Key Claims and Findings

• SFT hinders models from exploring effective reasoning strategies because human responses often omit critical components like explicit reflection.
• GRPO outperforms PPO on the MATH task when PPO uses default parameters (e.g., $\lambda =0.95$), though careful tuning of $\lambda$ to 1.0 can make PPO performance comparable.
• Eliminating the value model in GRPO reduces memory and computational overhead while avoiding the difficulty of predicting final outcomes from intermediate steps in long chains-of-thought.
• PPO is highly sensitive to the GAE coefficient $\lambda$ and demands additional hyperparameter tuning compared to GRPO, which presents a more practical alternative for large-scale models.
• The decoupled RL infrastructure supports efficient training by overlapping rule-based reward execution with inference and training phases to hide latency.

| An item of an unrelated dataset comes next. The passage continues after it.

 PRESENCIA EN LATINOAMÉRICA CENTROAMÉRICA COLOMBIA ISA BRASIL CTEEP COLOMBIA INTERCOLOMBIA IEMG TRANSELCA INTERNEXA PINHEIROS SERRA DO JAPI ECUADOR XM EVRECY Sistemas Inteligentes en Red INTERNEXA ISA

• Periodic updates to the reference policy are necessary to balance exploration stability, preventing the trained policy from diverging significantly over thousands of training steps.

Terminology

• GRPO: Group Relative Policy Optimization; an RL algorithm that estimates advantages from group output scores instead of a value model.
• PPO: Proximal Policy Optimization; a standard RL algorithm that uses a value model and GAE to compute advantages for policy updates.

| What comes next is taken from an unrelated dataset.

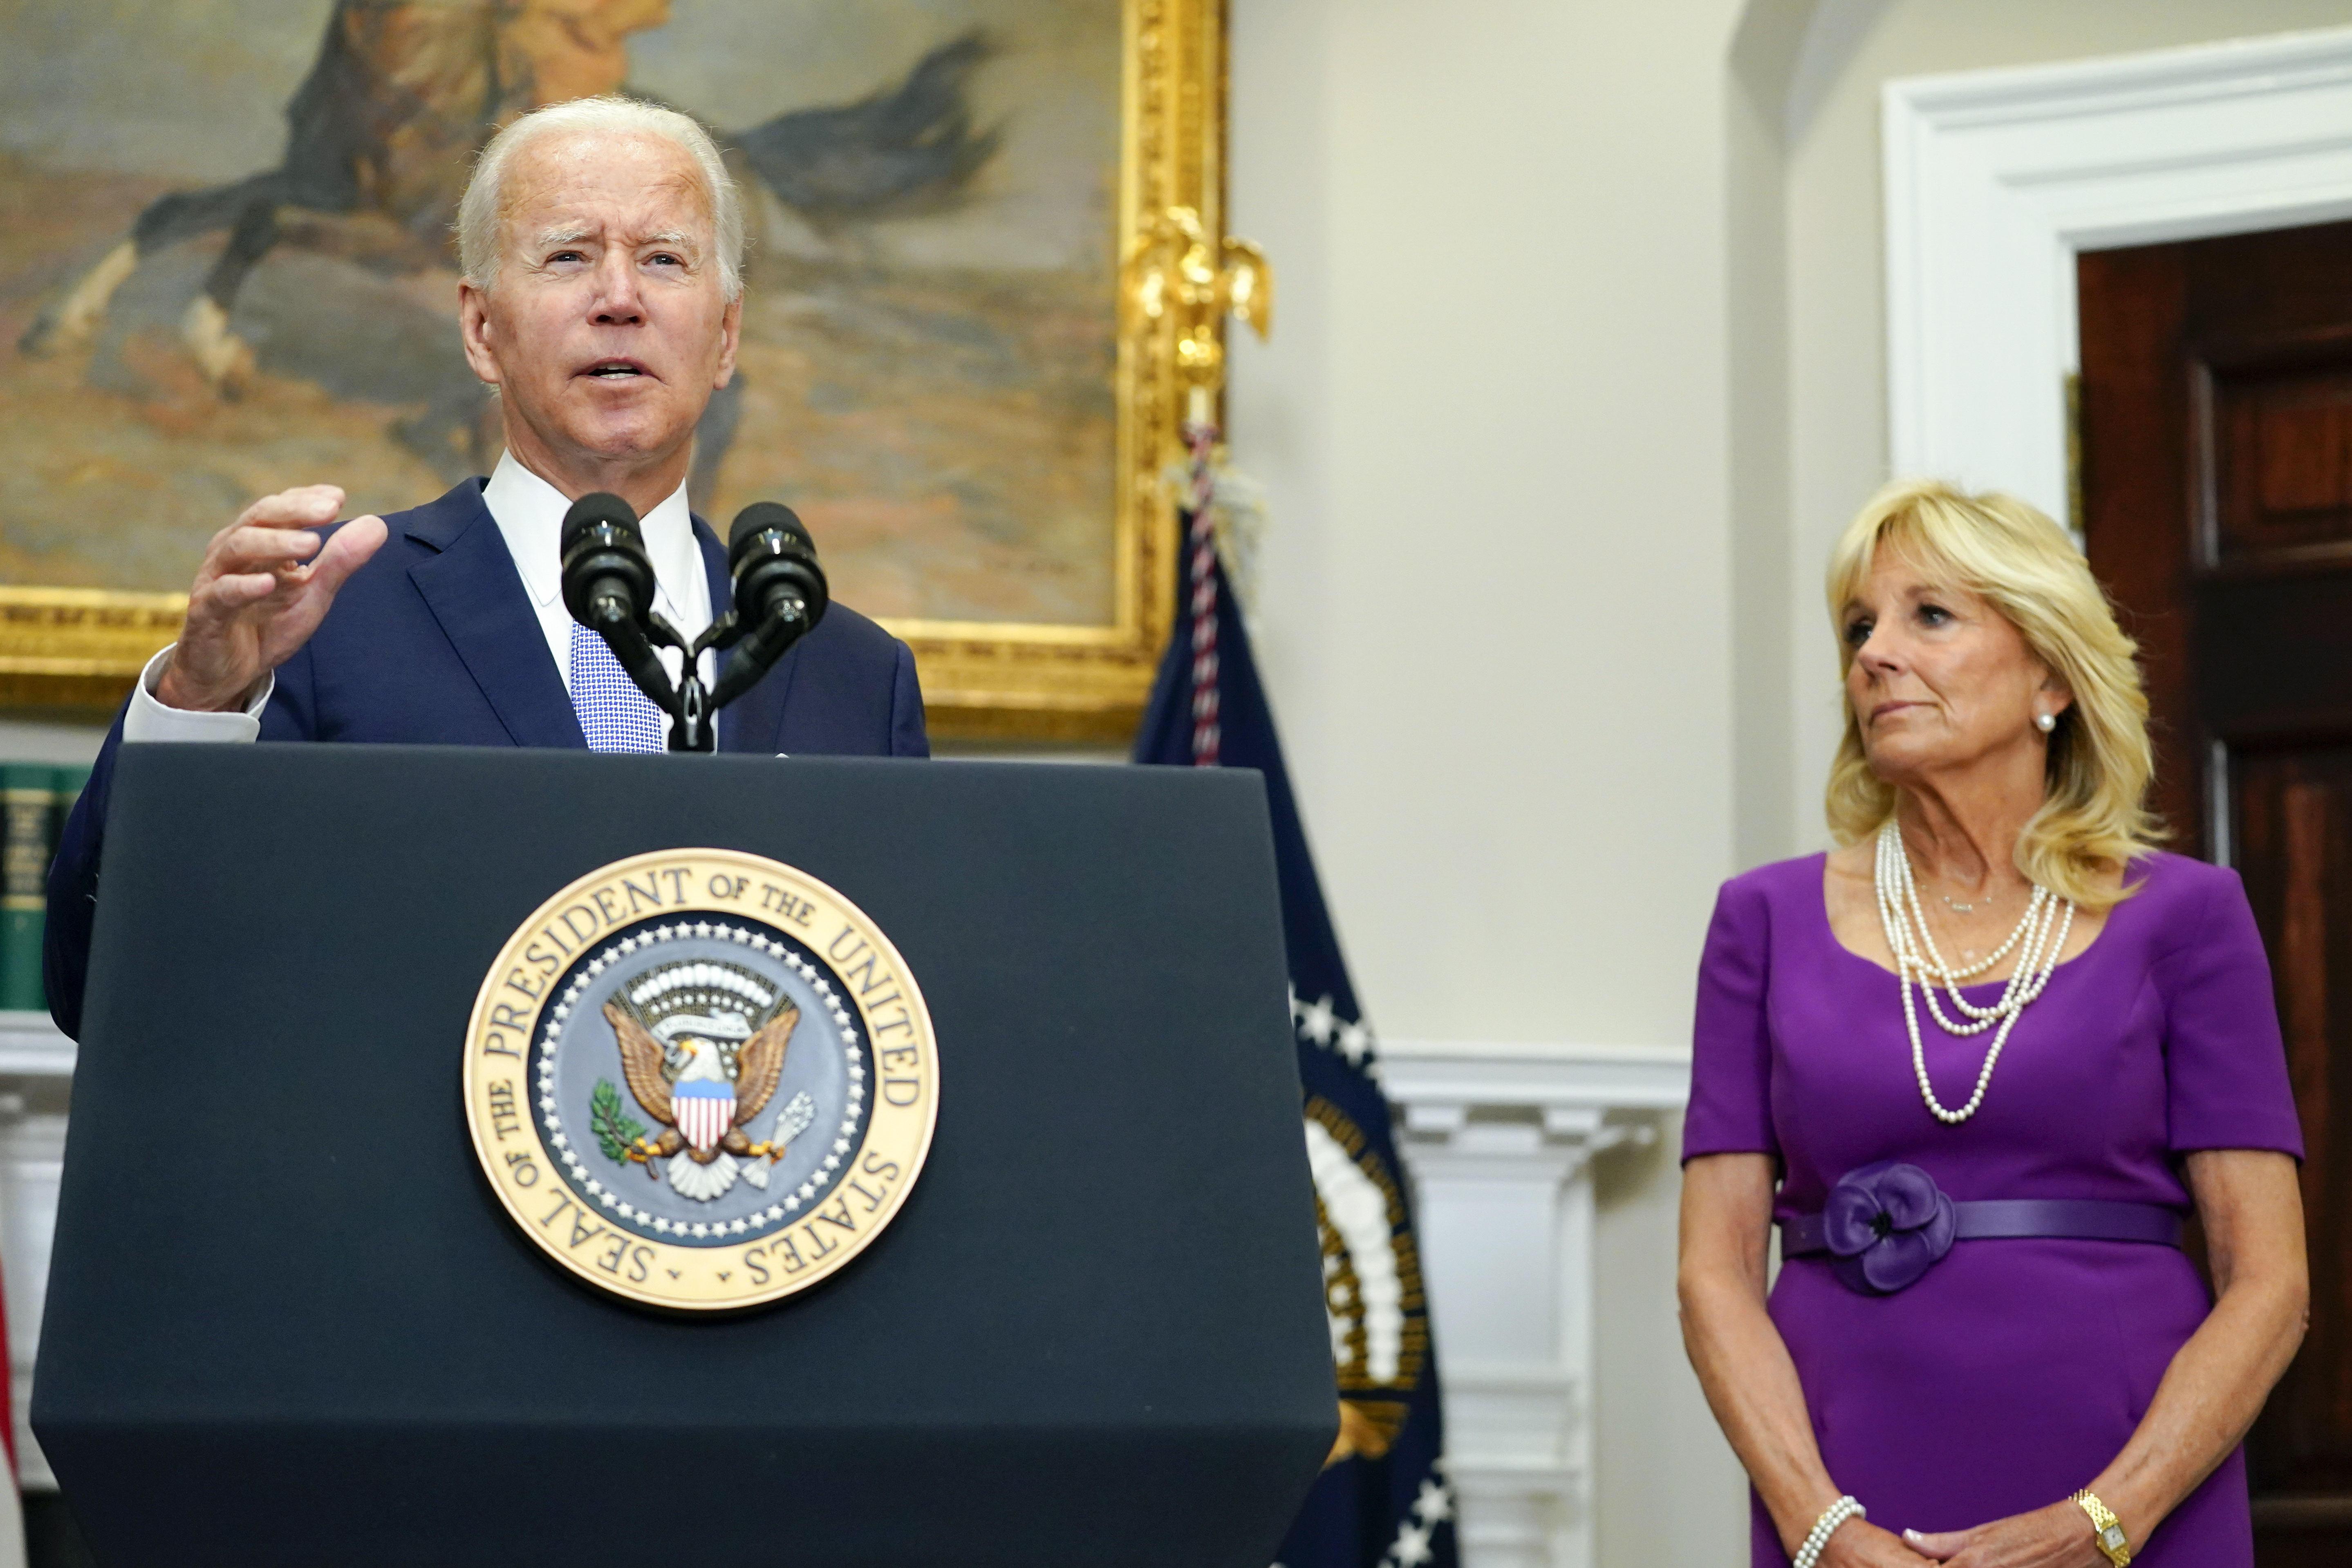 El presidente Joe Biden habla antes de promulgar la ley S. 2938, el proyecto de ley de seguridad de armas de la Ley Bipartidista de Comunidades más Seguras, en la Sala Roosevelt de la Casa Blanca en Washington, el sábado 25 de junio de 2022. La primera dama Jill Biden escucha a la derecha.

• SFT: Supervised Fine-Tuning; a post-training step refining pre-trained LLMs on curated datasets to align with specific tasks or standards.
• RLHF: Reinforcement Learning from Human Feedback; an RL approach where the reward function encodes human preferences to optimize model outputs.

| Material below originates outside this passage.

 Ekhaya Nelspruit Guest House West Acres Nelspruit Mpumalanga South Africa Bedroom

• Value Model: A neural network component used in PPO to predict expected cumulative rewards, which increases memory overhead and is difficult to train for long reasoning tasks.
• Advantage ($A_i$): A metric computed in GRPO using group rewards $\{r_1,\dots ,r_G\}$ to determine the relative benefit of a specific output compared to the group average.
• MTP: Multi-Token Prediction; a technique used within the Rollout Module to accelerate decoding via self-speculative prediction.
• DualPipe: An algorithm integrated into the Training Module to achieve efficient pipeline parallelism, utilized previously in DeepSeek-V3 training.
• Reference Policy: A baseline policy ${\pi }_{ref}$ used to constrain the divergence of the training policy, updated periodically to maintain training stability.
• vLLM: An inference engine used in the Rollout Module to dispatch prompts across workers and manage memory for efficient sampling.